You can bring water closer to the crystal, and make it pass faster past / inside the dissipator plate, thus achieving a larger stream of heat. Effectively you can turn the dissipation plate into moving liquid with high specific thermal capacity (5-7x of the metal plate).
Water has the big advantage that it's plentiful, cheap, and environmentally benign.
Sure, it'll take some more upfront engineering to design a system/rack/datacenter for water cooling than just immersing a server in a tank of inert liquid (flourinert or whatever they use these days), but I'm quite sure that at some point water cooling will be the standard solution in data centers.
Hmm, I would say the opposite. If all the memory and CPU cores are integrated on a single wafer, the penalty for off-chip access would be much less than if you had to go through a PCB.
It'll be less than a networked cluster, but it still mattered with Threadripper units and I'd expect a racked board of this nature to expose more disparity between accessing memory in other chiplet areas.

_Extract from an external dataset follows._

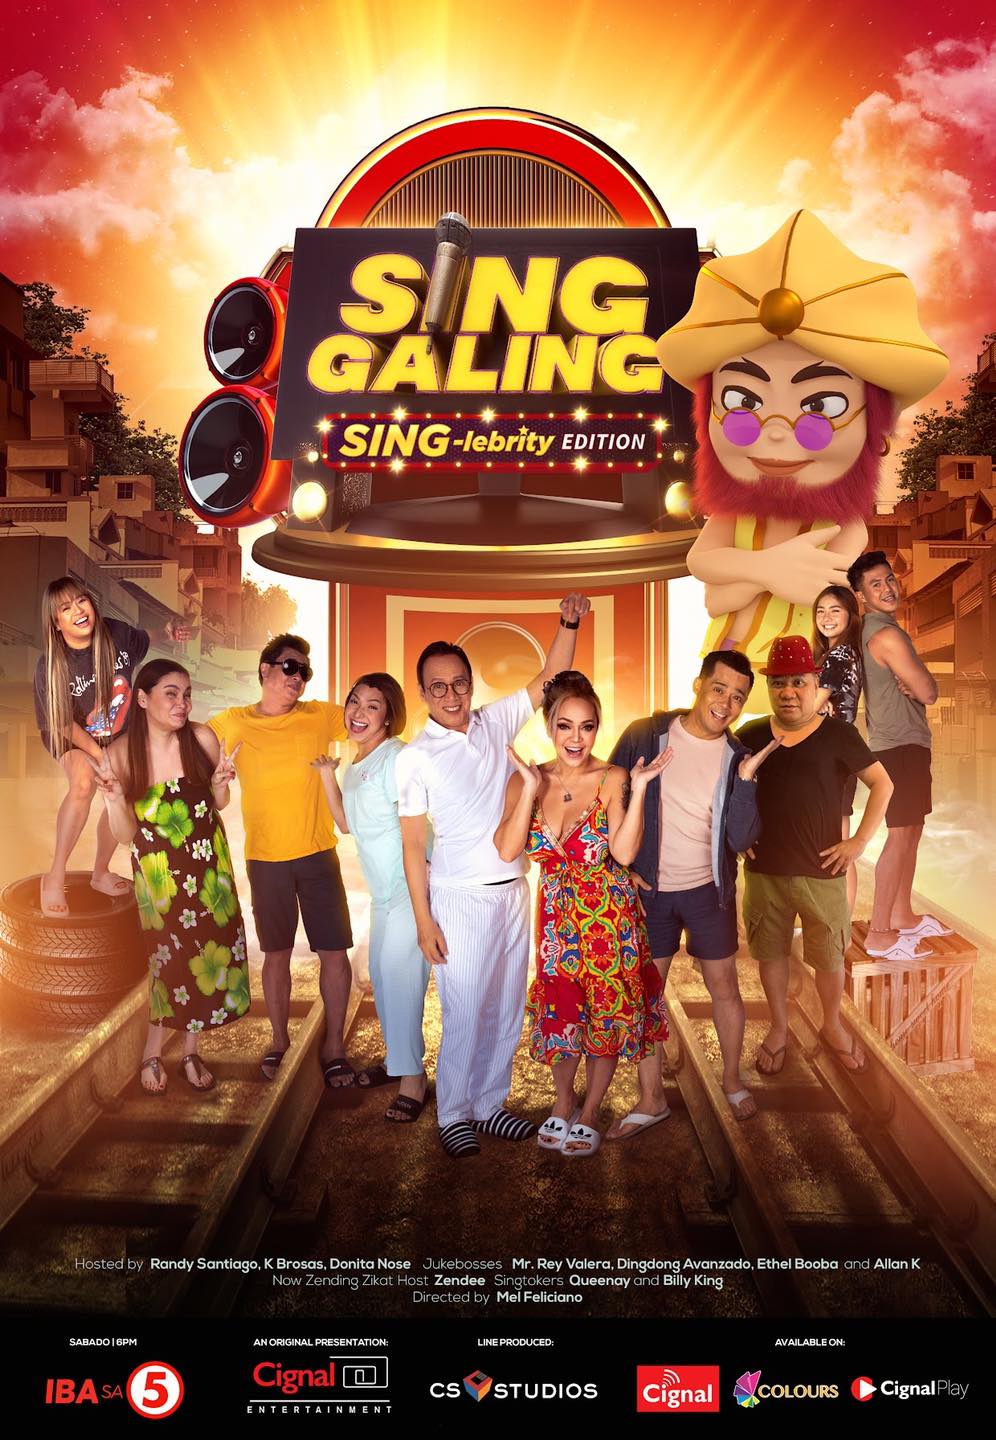 2021-09 – Sing Galing Sing-lebrity edition

But the title is a bit, well, overpromising or broad. I don't think we'll replace traditional motherboards anytime soon (except maybe in smartphones?). Rather, it will be an incremental progress.
- first, SoC's will be replaced with chiplets
- then we'll start seeing more and more stuff being integrated on this wafer.
- say, instead of a server motherboard with multiple sockets, have all the CPU chiplets on the same wafer and enjoy much better bandwidth than you get with a PCB
- integrate DRAM on the wafer. This will be painful as we're used to being able to simply add DIMM's, but the upside is massively higher bandwidth.
The motherboard pcb per se will live for a long time still, if nothing else then as the place to mount all the external connectors (network, display, pcie, usb, power, whatnot).